I wanted to answer these together because they’re indicative of a theme that’s coming up often in questions lately, which is shame or anxiety or disappointment in continuing an activity at a lower level than before. And while the questions aren’t always tied to the pandemic, it hardly seems a coincidence that they’re coming now, when we’ve been immersed in a global emergency for a year and a half. When your life has been turned upside-down, you deserve gentleness and praise for getting through the days, not critique because you didn’t manage to prioritize literally everything at once.

It’s normal for skill levels to slip sometimes, although that doesn’t mean it’s not frustrating or disheartening when it happens. But as hard as it can be to believe when you’re struggling to do something that used to be easy, you’re not actually starting from scratch. All the time and effort you’ve put into your sport, the knowledge and muscle memory you developed, are still there. And if you rebuild the strength you need, or re-learn to steady your mind, you’ll progress infinitely more quickly than someone without experience. Being rusty now doesn’t mean you’ll be rusty forever.

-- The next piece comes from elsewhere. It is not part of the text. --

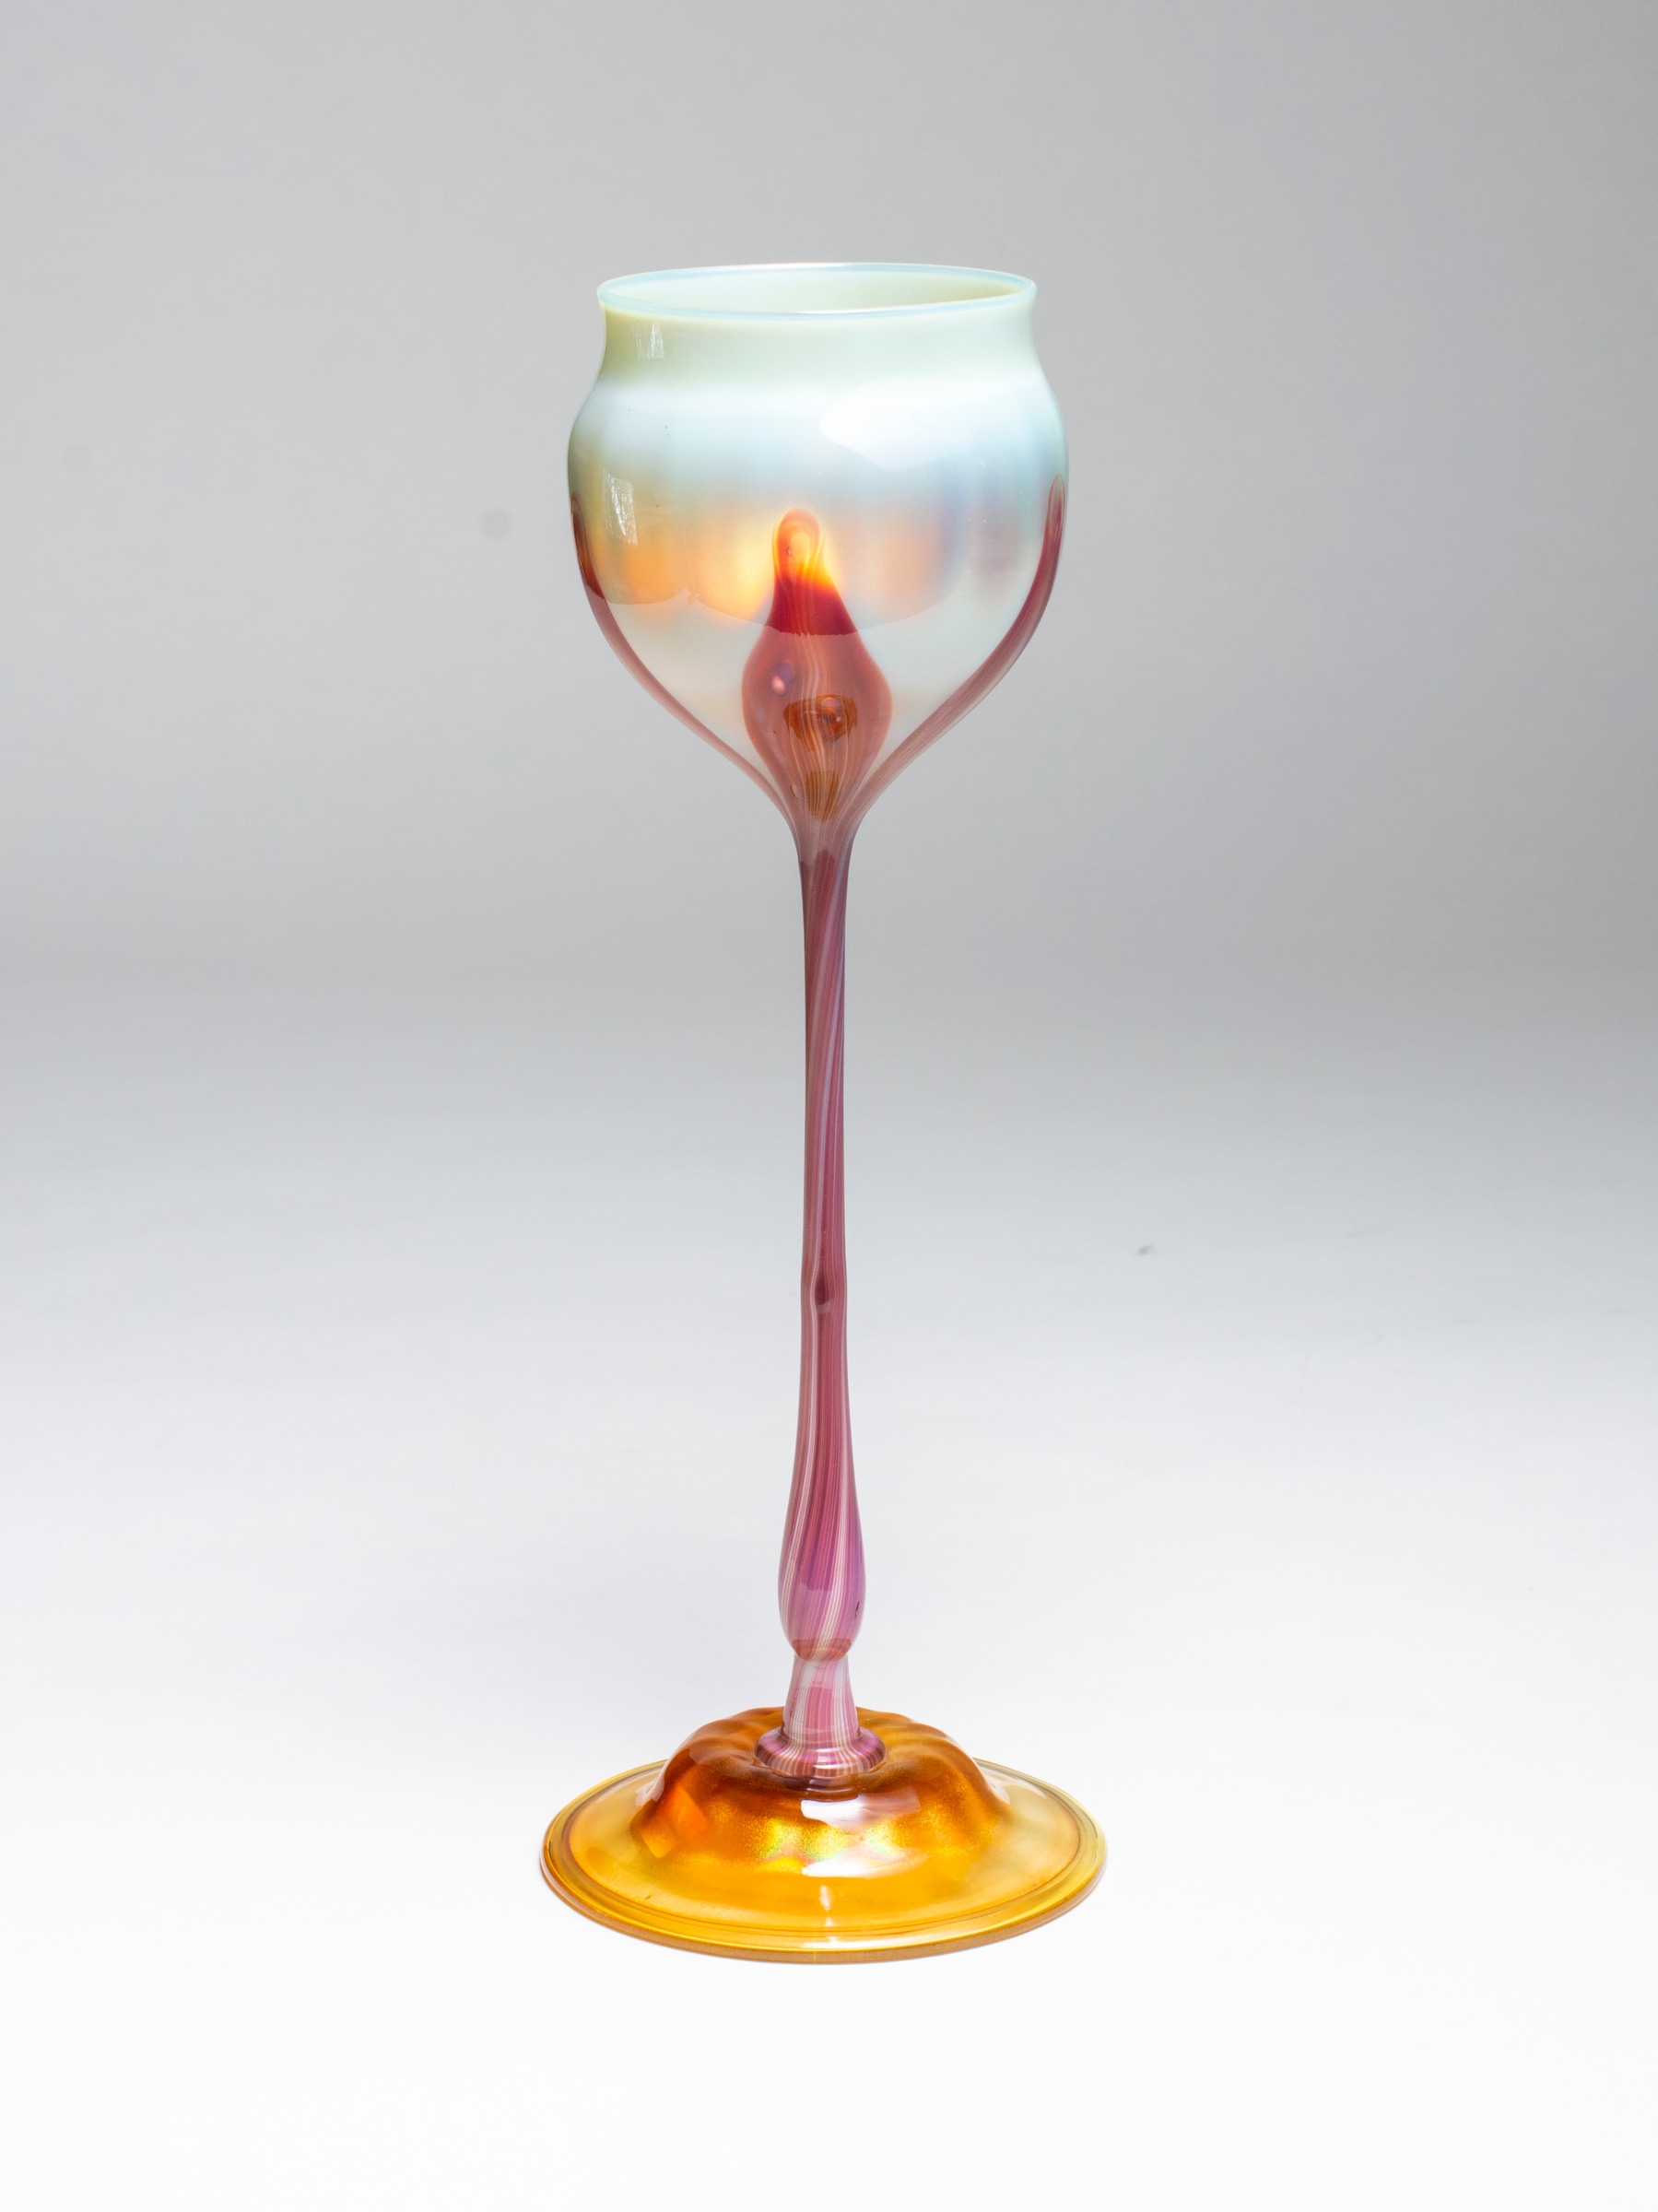 an early tiffany favrile glass flower form, the creamy white flower cup supported by a stem of deep red glass, on a domed foot. red was an unusual and rare color in blown tiffany glass,

But for the sake of argument, let’s say you are rusty forever—that you’ll never get back to the level you once reached. I suspect, even more than actual frustration, it’s your own expectations that make that feel so bad: the shame of having gone backwards, so to speak. If you can identify that shame for what it is—a feeling of failure, rather than an objective reality—it might help you get back to the simple, almost childlike enjoyment you first felt in your sport, which for most people is why they got started in the first case. The last time you were at this level, you enjoyed what you were doing, or at least you enjoyed it enough to keep going and become better. What was it you loved? The feeling of reaching the top of a route and looking out at the view, knowing you got there on your own strength? The fresh air? The camaraderie that comes from working together to do something unusual and beautiful and fun?

For the climber: if you haven’t already, I’d recommend seeing a psychiatrist (or specifically a sports psychiatrist), someone who can help you to process your fear and develop exercises to calm your mind. It makes sad, perfect sense that living in this pandemic would affect your ability to feel safe and secure while engaging in an extreme sport. Your mind and body have adjusted to a world that demands far more vigilance than it used to, and of course you can’t just turn that off while clinging to a rock in midair.

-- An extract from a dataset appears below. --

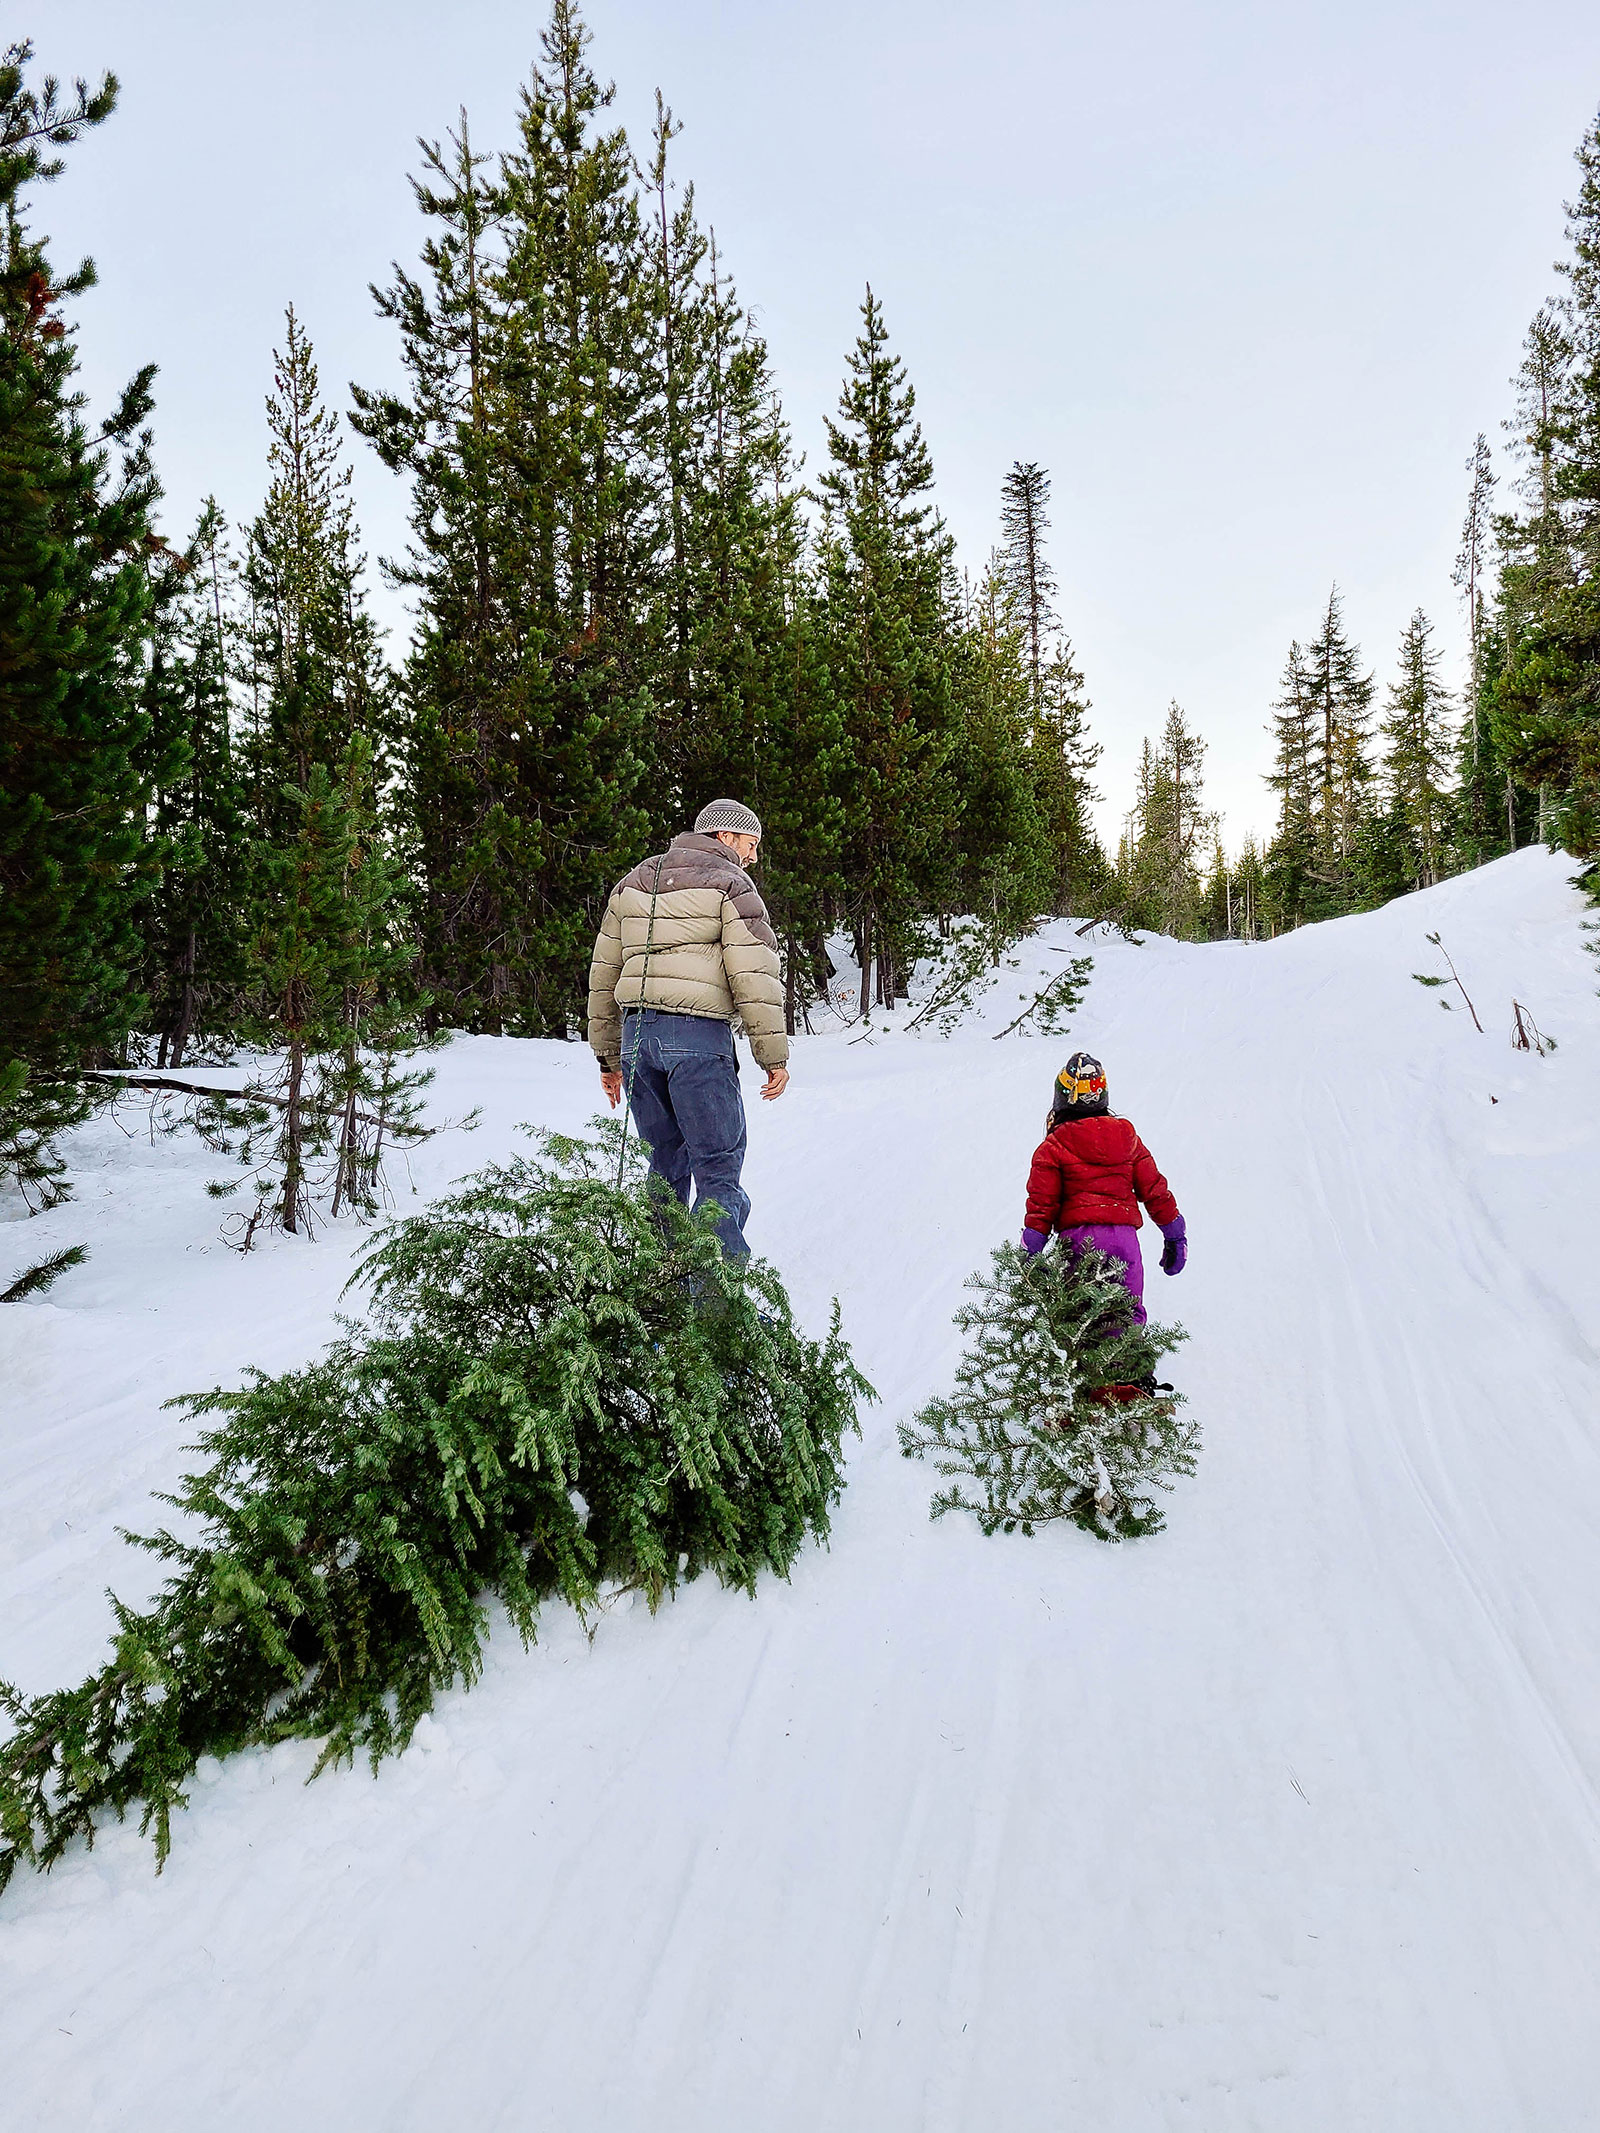 Father and daughter carrying freshly cut Christmas trees out of the forest on a snowy trail

When it comes to mentoring other climbers, is there a way for you to guide or help them without being directly beside them? The world is full of legendary mentors and coaches who can’t “do” as much as their mentees, but have the knowledge and experience to help others succeed. If you don’t feel like sharing the reasons that you’re not climbing yourself, you can be super vague: “I’m recovering from something” or “eh, it’s a health thing, I don’t want to go into it” is more than enough. Your mental health is your health, and it’s no one else’s business unless you choose to share. On the other hand, you may find that confiding in your climbing friends will help them to better support you (and you might learn that you’re not alone). Think of Simone Biles choosing not to compete during parts of the Olympics: it’s an act of great courage, not a failure, to speak honestly about where you are and what you need.

For the circus artist: I wish I had a better answer about going back to a community that failed to protect its members, but the truth is that broken trust is broken trust. Circus seems communal by necessity, so it’s not as simple as saying you should step back from your community if it’s the only one available to you. But whenever possible, try to build even stronger bonds with people who do prioritize safety and responsibility. The more open you are about your values and your frustrations, the more kindred souls will come out of the woodwork. And when you find those people—the people you do trust—you’ll know just how precious they are.